Comparative Examples 1 to 3 As shown in Table 2, phosphorus-containing copper having a phosphorus content of 500 wtppm was used as the anode, and a semiconductor wafer was used as the cathode. The crystal grain sizes of these phosphorus-containing copper anodes are 3 μm, 800 μm and 30 μm.
It was 000 μm. As a plating solution, as in Examples 1 to 3, copper sulfate: 20 g / L (Cu), sulfuric acid: 200 g
/ L, chloride ion 60 mg / L, additive [brightener, surfactant] (Nichiko Metal Plating Co., Ltd .: trade name CC
-1220): 1 mL / L was used. The purity of copper sulfate in the plating solution was 99.99%. The plating conditions were the same as in Examples 1 to 3, plating bath temperature 30 ° C., cathode current density 3.0 A / dm ² , anode current density 3.0 A / dm ² ,
The plating time is 120 hours. The above conditions are shown in Table 2.

After plating, the amount of particles generated and the appearance of plating were observed. The results are shown in Table 2. The number of particles, plating appearance, and embeddability were evaluated in the same manner as in Examples 1-3. As a result, in Comparative Examples 1 to 3, the plating appearance and the embedding property were good, but the numbers of particles were 256, 29, and 97, respectively, and the adhesion to the semiconductor wafer was remarkable, resulting in a bad result.

[0022]

[Table 2]

[0023]

INDUSTRIAL APPLICABILITY The present invention has an excellent feature that, when electrolytic copper plating is performed, it is possible to stably perform electrolytic copper plating on a semiconductor wafer or the like with little particle adhesion. The electrolytic copper plating of the present invention using such a phosphorus-containing copper anode is effective as a method for reducing the plating defect rate caused by particles even in copper plating in other fields where thinning is progressing. Further, the phosphorus-containing copper anode of the present invention has an effect of remarkably reducing the adhesion and contamination of particles to the object to be plated, but the additive in the plating solution, which has been conventionally generated by using an insoluble anode. It has an effect of not causing the decomposition and the plating failure due to this.
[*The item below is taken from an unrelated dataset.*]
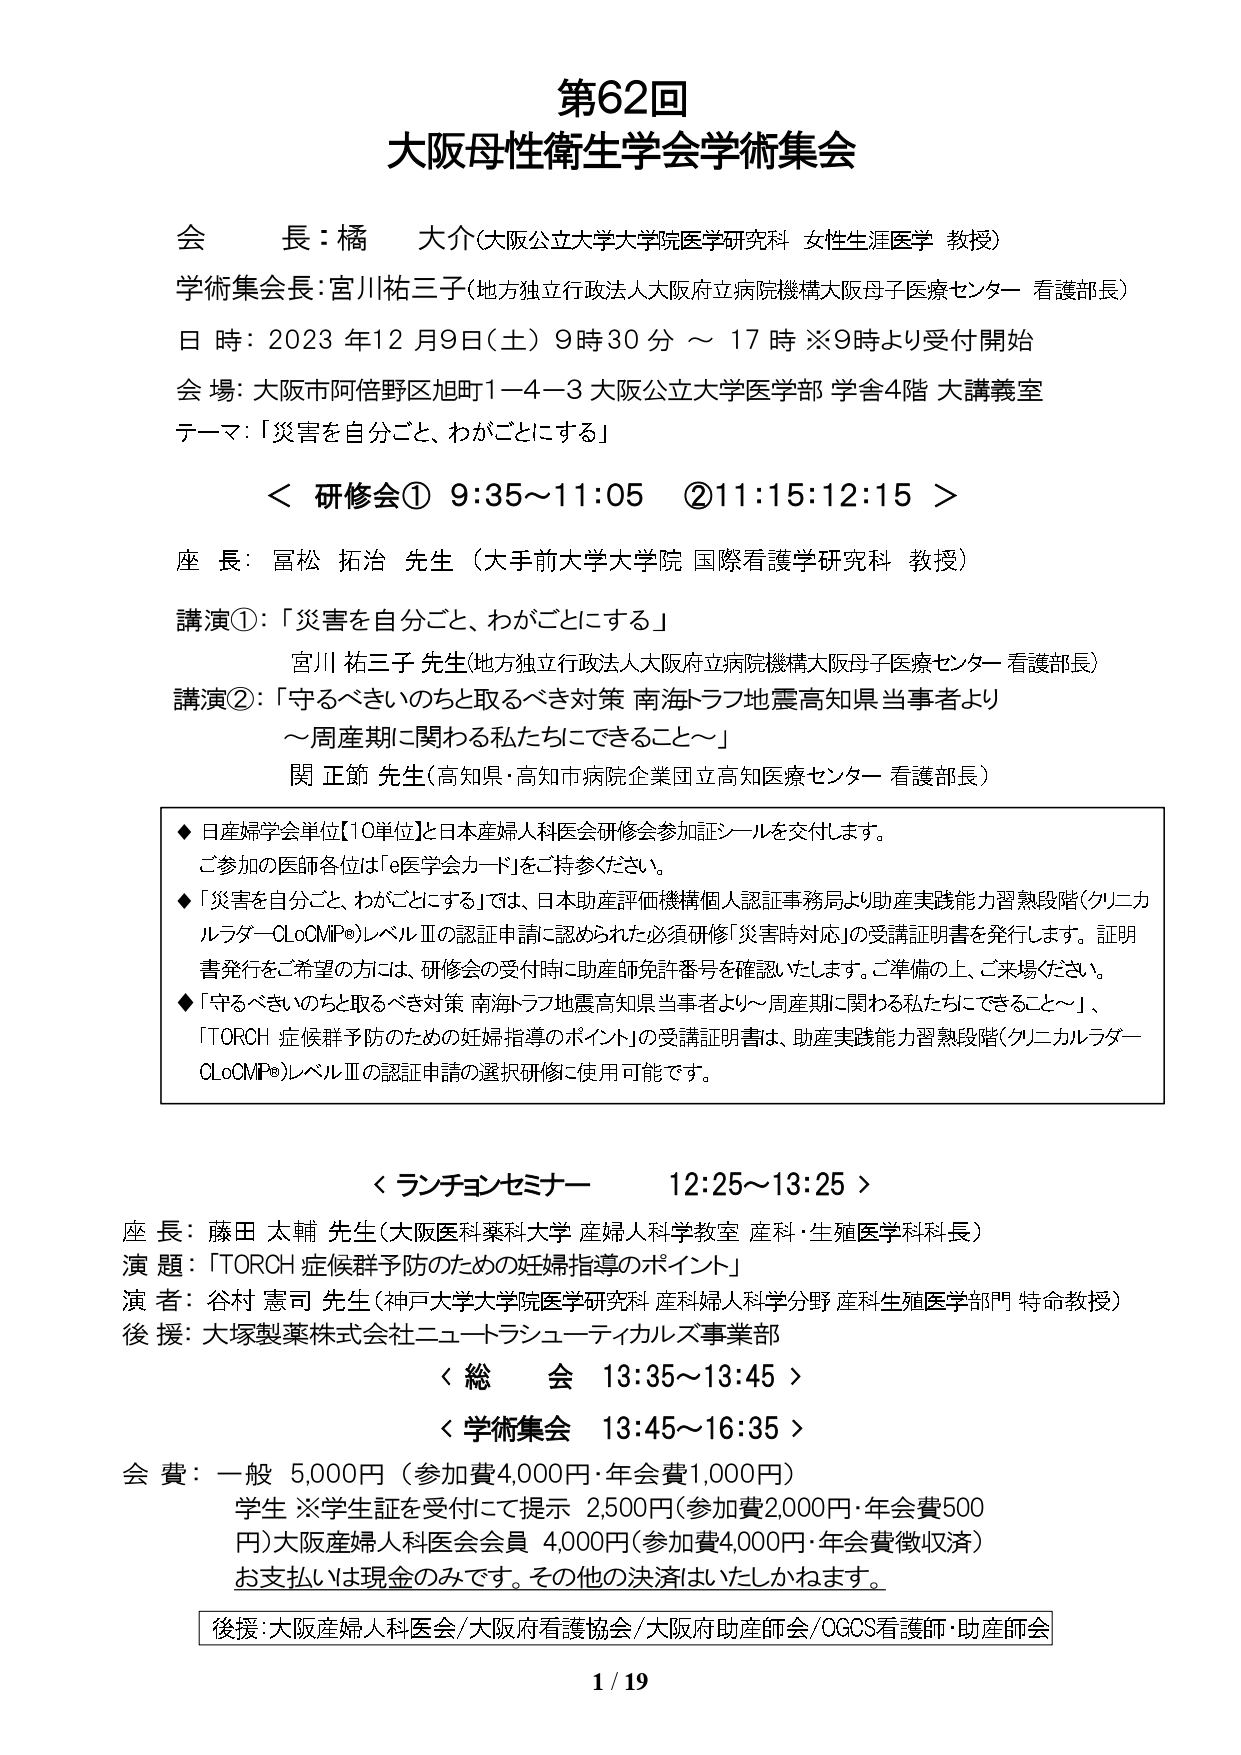 第62回大阪母性衛生学会のプログラムPDF

[Brief description of drawings]

FIG. 1 is a conceptual diagram of an apparatus used in a method for electroplating copper on a semiconductor wafer according to the present invention.

[Explanation of symbols]

1 plating tank 2 Copper sulfate plating solution 3 Semiconductor wafer 4 Phosphorus-containing copper anode

   ─────────────────────────────────────────────────── ─── Continued front page    F-term (reference) 4K024 AA14 AB01 BB12 CA04 CA06                       CB06 GA16                 4M104 BB04 BB37 DD52 HH14 HH20

Claims (8)

[Claims] 1. An electrolytic copper plating method using a phosphorus-containing copper anode, wherein a phosphorus-containing copper anode having a crystal grain size of 1500 μm (super) to 20000 μm is used. 2. The phosphorus content of the phosphorus-containing copper anode is 50 to 50.
It is 2000 wtppm, The electrolytic copper plating method of Claim 1 characterized by the above-mentioned. 3. The phosphorus content of the phosphorus-containing copper anode is 100.
~ 1000 wtppm.
The electrolytic copper plating method described. 4. A phosphorus-containing copper anode for electrolytic copper plating, wherein the phosphorus-containing copper anode has a crystal grain size of 1500 μm.
A phosphorous copper anode for electrolytic copper plating, which is (super) to 20000 μm. 5. The phosphorus content of the phosphorus-containing copper anode is 50 to 50.
The phosphorus-containing copper anode for electrolytic copper plating according to claim 4, which is 2000 wtppm. 6. The phosphorus content of the phosphorus-containing copper anode is 100.
5 to 1000 wtppm.
The phosphorus-containing copper anode for electrolytic copper plating described. 7. The electrolytic copper plating method and the phosphorus-containing copper anode for electrolytic copper plating according to each of claims 1 to 6, which is electrolytic copper plating on a semiconductor wafer. 8. A semiconductor wafer plated with less particles by using the electrolytic copper plating method and the phosphorous copper anode for electrolytic copper plating according to each of claims 1 to 7.